## Task statement
Look through the data below for the line with "O360 Ad - Pediatric Web Design" and the line with "Schmetterling, minimalistisch und", then output those two and all lines in between, exactly as written.

Input: Begin

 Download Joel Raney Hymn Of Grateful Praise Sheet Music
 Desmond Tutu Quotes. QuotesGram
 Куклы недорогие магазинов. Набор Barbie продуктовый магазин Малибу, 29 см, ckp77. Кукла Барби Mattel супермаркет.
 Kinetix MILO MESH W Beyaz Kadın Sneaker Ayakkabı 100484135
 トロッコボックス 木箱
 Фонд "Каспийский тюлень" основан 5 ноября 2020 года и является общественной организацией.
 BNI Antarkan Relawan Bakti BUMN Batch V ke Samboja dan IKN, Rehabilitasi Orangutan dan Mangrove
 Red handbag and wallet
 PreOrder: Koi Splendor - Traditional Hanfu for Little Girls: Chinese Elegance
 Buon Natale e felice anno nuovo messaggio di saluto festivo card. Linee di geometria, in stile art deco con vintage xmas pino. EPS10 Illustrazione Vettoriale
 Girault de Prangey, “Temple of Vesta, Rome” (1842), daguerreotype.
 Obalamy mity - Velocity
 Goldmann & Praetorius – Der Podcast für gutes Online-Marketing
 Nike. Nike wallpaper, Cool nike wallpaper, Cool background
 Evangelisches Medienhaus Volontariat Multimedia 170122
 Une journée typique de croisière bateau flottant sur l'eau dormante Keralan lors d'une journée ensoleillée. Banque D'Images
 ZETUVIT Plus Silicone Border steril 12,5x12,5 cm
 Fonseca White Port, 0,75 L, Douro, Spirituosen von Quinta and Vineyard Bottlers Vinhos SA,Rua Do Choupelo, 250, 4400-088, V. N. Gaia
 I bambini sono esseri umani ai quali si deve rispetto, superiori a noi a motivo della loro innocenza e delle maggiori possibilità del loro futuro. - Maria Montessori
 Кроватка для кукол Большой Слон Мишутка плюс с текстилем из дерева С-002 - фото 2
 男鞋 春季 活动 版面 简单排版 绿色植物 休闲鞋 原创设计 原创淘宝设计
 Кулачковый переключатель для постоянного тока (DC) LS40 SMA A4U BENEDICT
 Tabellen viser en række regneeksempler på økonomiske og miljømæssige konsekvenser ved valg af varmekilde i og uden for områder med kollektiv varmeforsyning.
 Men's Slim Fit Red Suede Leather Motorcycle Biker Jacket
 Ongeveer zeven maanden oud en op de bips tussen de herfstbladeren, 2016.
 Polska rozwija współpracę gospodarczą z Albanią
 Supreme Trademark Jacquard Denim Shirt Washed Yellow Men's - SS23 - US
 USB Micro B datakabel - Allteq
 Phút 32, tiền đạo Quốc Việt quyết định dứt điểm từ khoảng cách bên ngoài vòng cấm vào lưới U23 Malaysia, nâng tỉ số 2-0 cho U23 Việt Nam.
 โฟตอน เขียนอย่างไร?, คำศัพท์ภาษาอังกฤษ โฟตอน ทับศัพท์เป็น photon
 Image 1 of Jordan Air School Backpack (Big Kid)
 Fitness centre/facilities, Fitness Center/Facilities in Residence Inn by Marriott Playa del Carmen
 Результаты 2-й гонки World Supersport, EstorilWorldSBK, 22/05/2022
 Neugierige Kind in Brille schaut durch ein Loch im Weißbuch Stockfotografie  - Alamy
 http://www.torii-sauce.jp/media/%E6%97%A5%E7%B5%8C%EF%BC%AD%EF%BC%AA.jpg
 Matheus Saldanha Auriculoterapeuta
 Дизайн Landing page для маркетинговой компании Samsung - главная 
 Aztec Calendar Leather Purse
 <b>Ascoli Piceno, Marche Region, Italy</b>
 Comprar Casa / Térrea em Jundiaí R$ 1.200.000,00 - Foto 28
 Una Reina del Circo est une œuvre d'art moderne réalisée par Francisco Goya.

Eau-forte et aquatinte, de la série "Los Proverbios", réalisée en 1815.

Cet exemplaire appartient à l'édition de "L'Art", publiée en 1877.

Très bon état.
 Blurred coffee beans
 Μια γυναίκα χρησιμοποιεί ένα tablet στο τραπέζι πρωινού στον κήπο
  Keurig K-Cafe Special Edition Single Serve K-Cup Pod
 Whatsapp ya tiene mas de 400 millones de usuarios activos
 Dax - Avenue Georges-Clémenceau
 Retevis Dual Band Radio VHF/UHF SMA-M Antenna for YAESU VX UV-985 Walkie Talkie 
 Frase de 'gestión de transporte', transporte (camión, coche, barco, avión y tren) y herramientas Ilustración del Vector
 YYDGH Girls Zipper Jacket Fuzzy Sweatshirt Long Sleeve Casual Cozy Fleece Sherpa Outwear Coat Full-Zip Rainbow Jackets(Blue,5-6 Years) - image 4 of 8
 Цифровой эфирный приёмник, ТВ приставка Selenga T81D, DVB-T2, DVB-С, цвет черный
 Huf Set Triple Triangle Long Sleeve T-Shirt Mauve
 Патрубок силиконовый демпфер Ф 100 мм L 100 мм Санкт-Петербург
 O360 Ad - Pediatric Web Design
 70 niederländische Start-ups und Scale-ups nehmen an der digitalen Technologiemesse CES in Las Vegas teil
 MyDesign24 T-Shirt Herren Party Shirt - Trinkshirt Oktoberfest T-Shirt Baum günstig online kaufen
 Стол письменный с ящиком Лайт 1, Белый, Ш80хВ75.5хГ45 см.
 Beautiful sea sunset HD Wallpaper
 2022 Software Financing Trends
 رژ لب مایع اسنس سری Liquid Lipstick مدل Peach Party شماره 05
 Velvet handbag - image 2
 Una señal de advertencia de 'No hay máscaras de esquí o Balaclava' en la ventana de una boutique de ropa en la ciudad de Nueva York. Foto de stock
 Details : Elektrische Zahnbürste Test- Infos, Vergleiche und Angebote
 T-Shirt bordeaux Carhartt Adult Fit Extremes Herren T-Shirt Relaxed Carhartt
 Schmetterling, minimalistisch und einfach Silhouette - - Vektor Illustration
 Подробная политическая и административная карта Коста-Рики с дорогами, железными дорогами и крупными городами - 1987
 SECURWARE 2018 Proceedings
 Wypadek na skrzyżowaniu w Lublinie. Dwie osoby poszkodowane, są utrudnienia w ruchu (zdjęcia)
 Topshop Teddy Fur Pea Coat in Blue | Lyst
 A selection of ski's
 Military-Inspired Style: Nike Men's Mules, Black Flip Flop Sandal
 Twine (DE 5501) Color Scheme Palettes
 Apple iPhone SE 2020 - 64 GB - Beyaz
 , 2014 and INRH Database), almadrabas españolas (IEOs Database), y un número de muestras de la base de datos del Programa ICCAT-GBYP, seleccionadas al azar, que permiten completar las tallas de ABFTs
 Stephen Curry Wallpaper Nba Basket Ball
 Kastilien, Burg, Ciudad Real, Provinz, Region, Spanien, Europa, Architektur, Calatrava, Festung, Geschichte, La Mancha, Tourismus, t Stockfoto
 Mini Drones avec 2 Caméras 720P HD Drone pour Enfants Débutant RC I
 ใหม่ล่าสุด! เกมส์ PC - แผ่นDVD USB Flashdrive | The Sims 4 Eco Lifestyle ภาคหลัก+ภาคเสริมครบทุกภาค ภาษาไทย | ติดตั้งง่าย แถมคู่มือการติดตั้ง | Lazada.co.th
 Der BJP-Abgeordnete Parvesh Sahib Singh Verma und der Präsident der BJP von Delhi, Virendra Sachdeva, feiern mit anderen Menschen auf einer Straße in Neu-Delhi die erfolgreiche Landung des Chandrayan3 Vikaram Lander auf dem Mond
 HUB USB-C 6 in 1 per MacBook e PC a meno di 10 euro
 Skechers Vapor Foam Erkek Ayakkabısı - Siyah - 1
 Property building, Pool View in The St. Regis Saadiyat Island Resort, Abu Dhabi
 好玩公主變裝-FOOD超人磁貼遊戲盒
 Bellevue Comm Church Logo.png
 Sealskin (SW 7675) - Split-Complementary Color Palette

Input: End

## Exercise result
 O360 Ad - Pediatric Web Design
 70 niederländische Start-ups und Scale-ups nehmen an der digitalen Technologiemesse CES in Las Vegas teil
 MyDesign24 T-Shirt Herren Party Shirt - Trinkshirt Oktoberfest T-Shirt Baum günstig online kaufen
 Стол письменный с ящиком Лайт 1, Белый, Ш80хВ75.5хГ45 см.
 Beautiful sea sunset HD Wallpaper
 2022 Software Financing Trends
 رژ لب مایع اسنس سری Liquid Lipstick مدل Peach Party شماره 05
 Velvet handbag - image 2
 Una señal de advertencia de 'No hay máscaras de esquí o Balaclava' en la ventana de una boutique de ropa en la ciudad de Nueva York. Foto de stock
 Details : Elektrische Zahnbürste Test- Infos, Vergleiche und Angebote
 T-Shirt bordeaux Carhartt Adult Fit Extremes Herren T-Shirt Relaxed Carhartt
 Schmetterling, minimalistisch und einfach Silhouette - - Vektor Illustration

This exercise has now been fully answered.